Start time: October 9, 2020, at 11:29 am, UTC.
Command line: tlynx distance -d branch-score -f RevBayes -m data/time.tree output/alignment.fasta.approx.dating.tree output/alignment.fasta.approx.dating_cons.tree

Write results to standard output.
Read master tree from file: data/time.tree.
Compute distances between all trees and master tree.
Read trees from files.
Trees are named according to their file names.
Use branch score distance.
Summary statistics of Branch Score Distance:
Mean:     0.151
Median:   0.159
Variance: 0.000

Tree 1                                          Tree 2                                            Branch Score
data/time.tree                                  output/alignment.fasta.approx.dating.tree                0.159
data/time.tree                                  output/alignment.fasta.approx.dating_cons.tree           0.142
No output file given --- skip writing ELynx file for reproducible runs.
=== End time: October 9, 2020, at 11:29 am, UTC.
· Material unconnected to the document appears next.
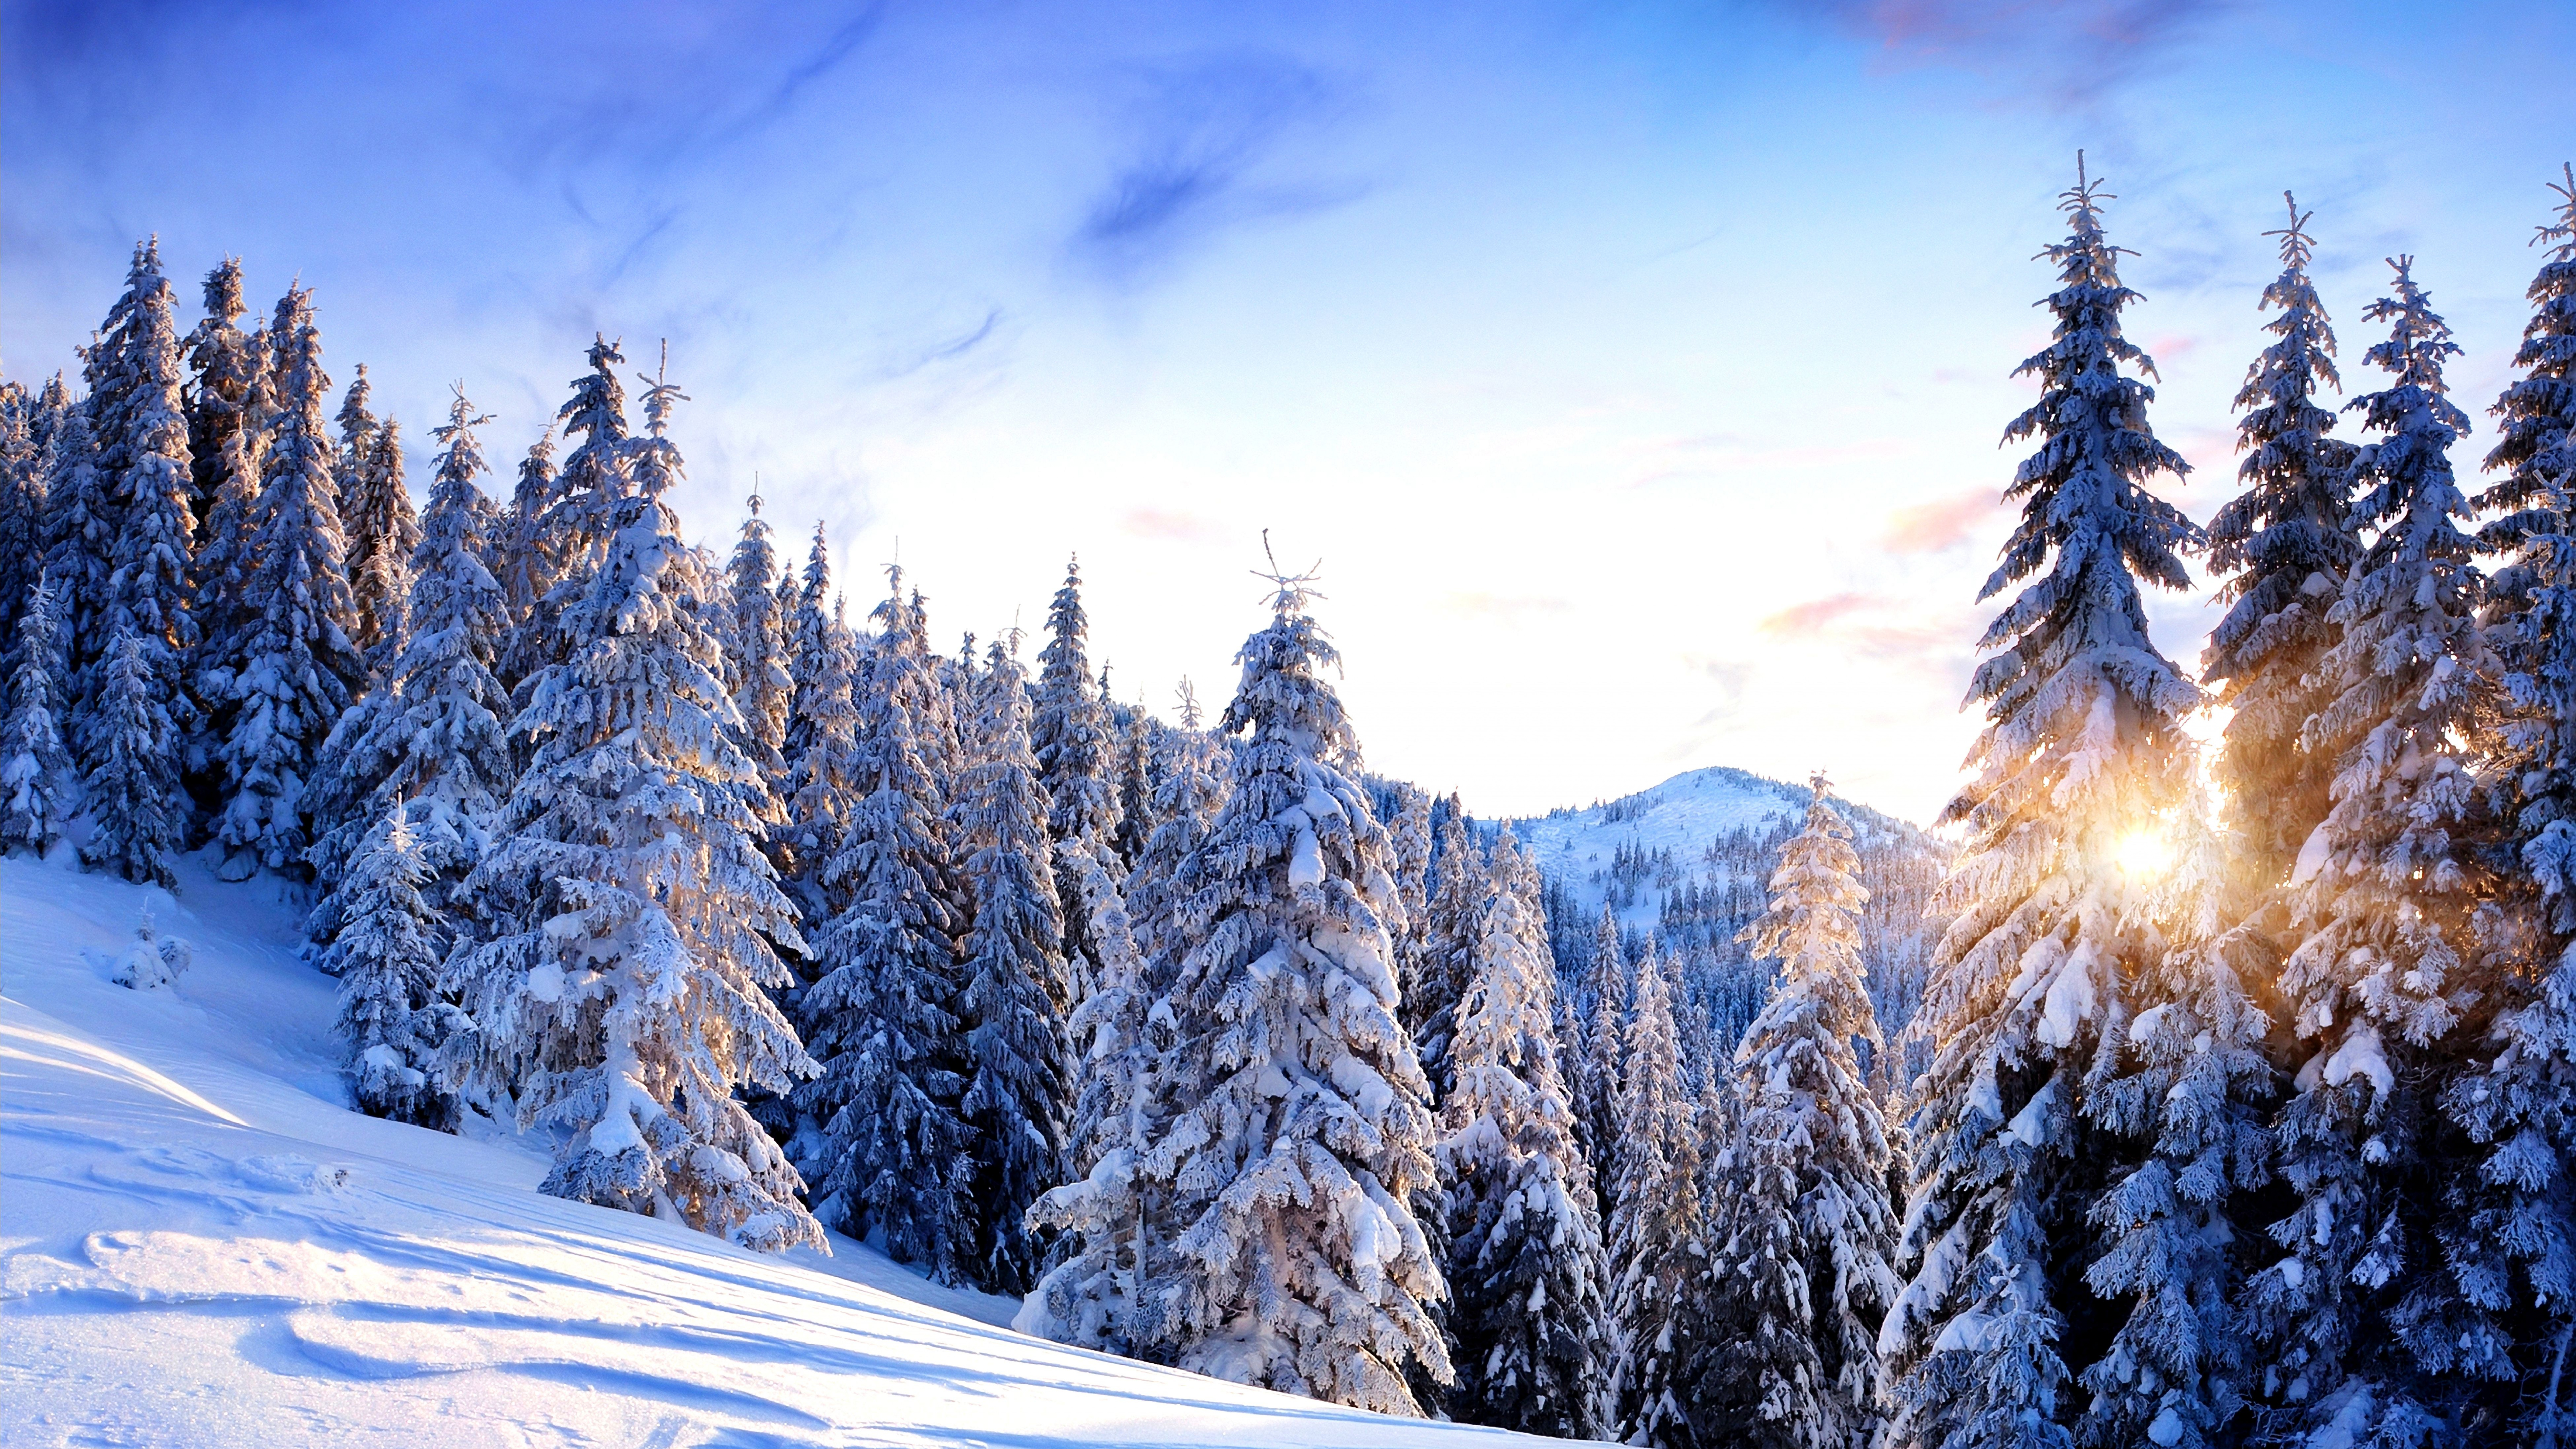 Snow Covered Pine Trees and Mountains During Daytime. Wallpaper in 7680x4320 Resolution

That is, using constraints helped improve the branch score distance by 11 percent.

Concluding remarks

When analyzing real data a more appropriate substitution model should be used. Also, when the tree topology is unknown, it has to be inferred. This has to be done beforehand. Finally, calibrations and constraints have to be obtained manually either based on the literature or based on original research.

The simulations were done using a custom simulator called ELynx. If you are interested, please have a look at the source code of ELynx and the simulation scripts for this tutorial.

  1. Szöllősi G.J., Höhna S., Williams T.A., Schrempf D., Daubin V., Boussau B. 2021. Relative time constraints improve molecular dating. Manuscript in preparation.